A total of 36 interventional clinical trial manuscripts reviewed by the CTT team were included in the analysis. Of these, 26 (72%) included a statement outlining data availability: 11 (31%) used the recommended standard data sharing statement as outlined in the internal policy, while 15 (42%) contained a modified statement on data availability, ranging from minor editorial amendments (generally consistent with the standard statement) to substantial differences in wording (due to specific journal requirements) (Figure 24). Only 2 articles (6%) contained a statement indicating that there was no plan to share the data—both were reporting results from rare disease studies involving very small numbers of patients, and the reason was concern regarding the risk of patient reidentification due to the number of patients. No data sharing statement was included in 8 articles (22%) for various reasons (Figure 24). Of the journals that published articles without a data sharing statement, 3 had policies requiring inclusion of a data sharing statement, while the others had policies allowing and/or encouraging inclusion of a data sharing statement.


Sharing underlying data sets of published studies is important to promote transparency and facilitate new research.
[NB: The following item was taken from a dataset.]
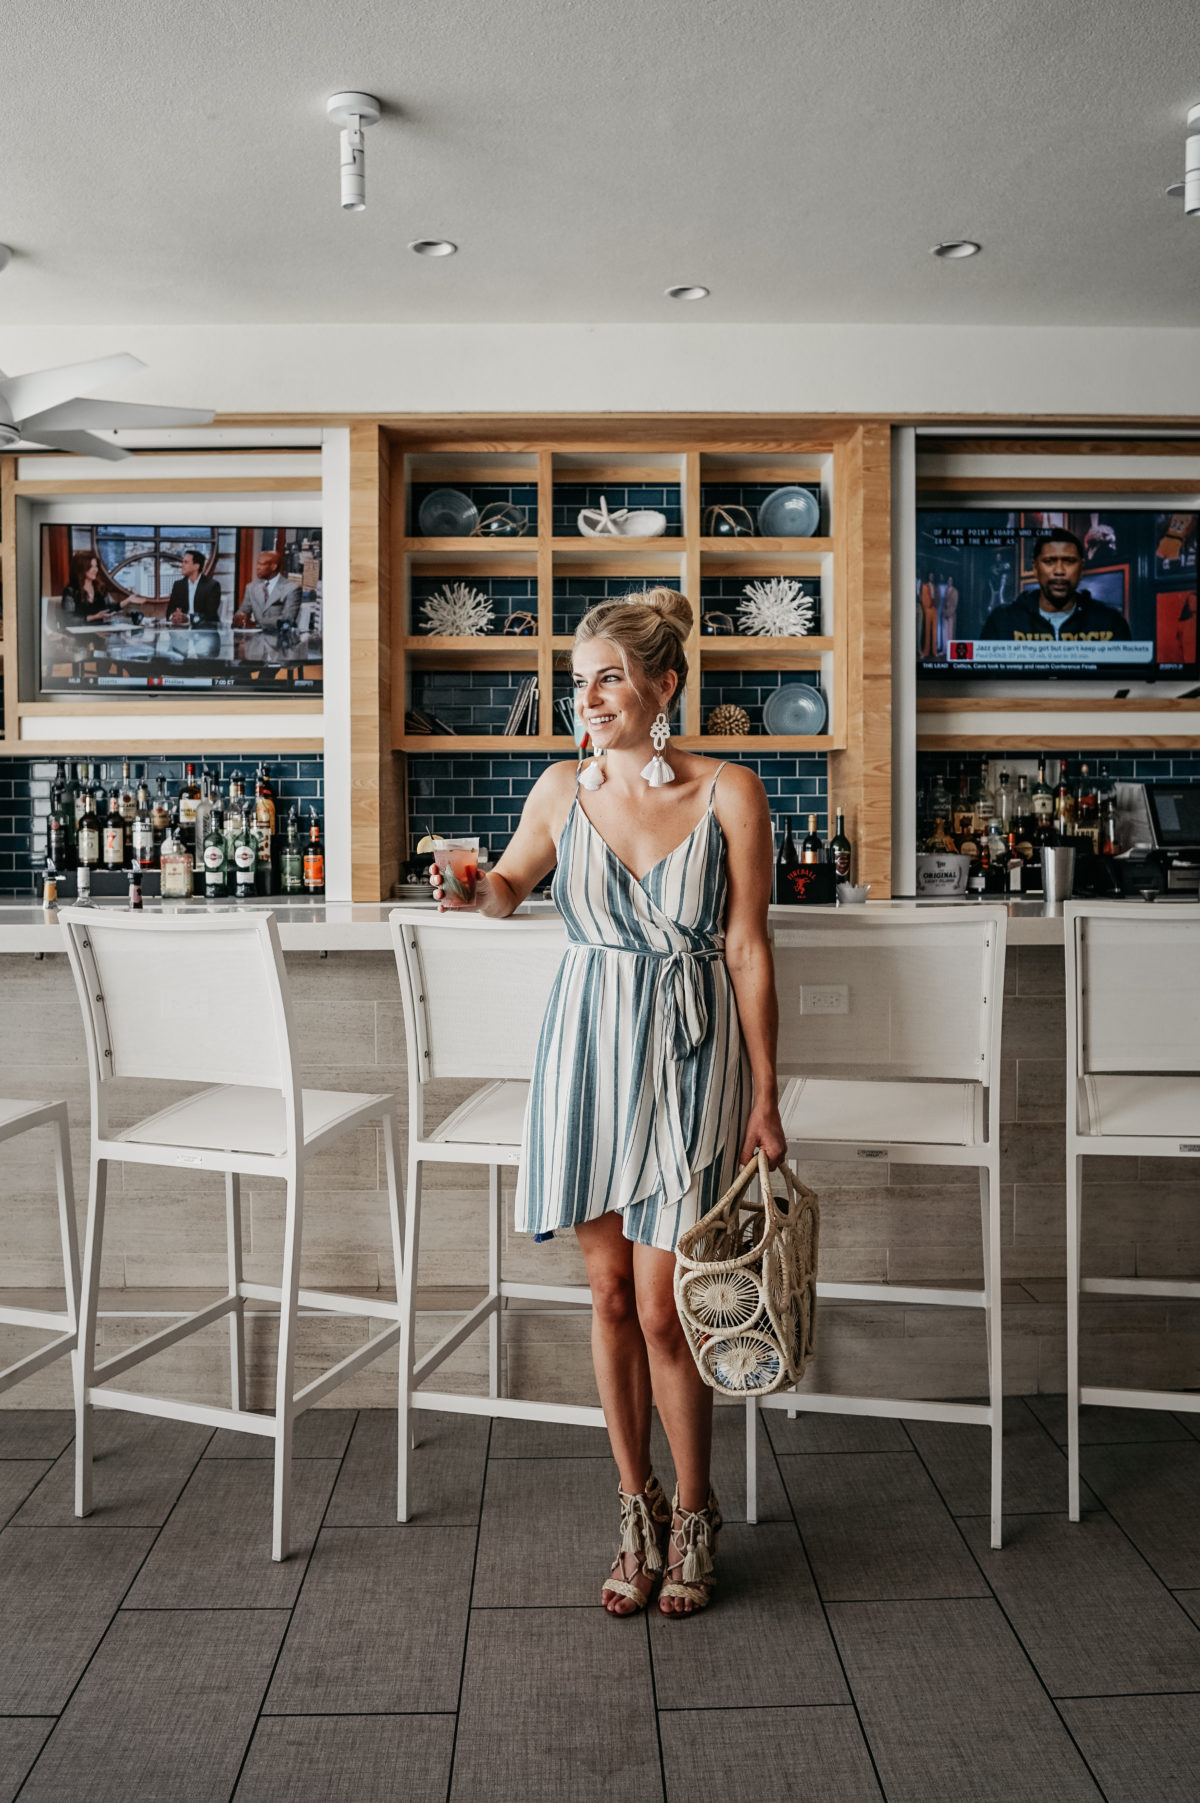 beach vacation cocktail bar attire

Following the adoption of a standardized approach to data sharing by request, most interventional clinical trial articles in this analysis contained a data sharing statement. In a few cases (n = 2), the statement indicated that data would not be shared to protect patient privacy in situations in which deidentification of patient-level data was not possible.


1. Taichman DB, Sahni P, Pinborg A, et al. Data sharing statements for clinical trials: a requirement of the International Committee of Medical Journal Editors. Ann Intern Med. 2017;167(1):63-65. doi:10.7326/M17-1028

1Takeda Pharmaceuticals International AG, Zürich, Switzerland; 2Takeda Development Center Americas, Inc, Cambridge, MA, USA, jesse.potash@takeda.com; 3Takeda Pharmaceuticals U.S.A., Inc, Lexington, MA, USA; 4Baxalta Innovations GmbH, Vienna, Austria

Conflict of Interest Disclosures

Colin McKinnon, Jesse Potash, Teodor G. Paunescu, Borislava Pavlova, and Valérie Philippon are current or past (V.P.) employees of Takeda and are Takeda stockholders. Callan Fromm is a consultant for the Global Publications Department at Takeda. Ingeborg Cil and Friedrich Maritsch are consultants for Takeda’s Clinical Trial Transparency Department at Baxalta (a Takeda company). Hajin Yang is a postdoctoral fellow at Takeda.


This study was sponsored by Takeda Development Center Americas, Inc.

Role of the Funder/Sponsor

The sponsor played a role in design and conduct of the study; collection, management, analysis, and interpretation of the data; preparation, review, or approval of the abstract; and decision to submit the abstract for presentation.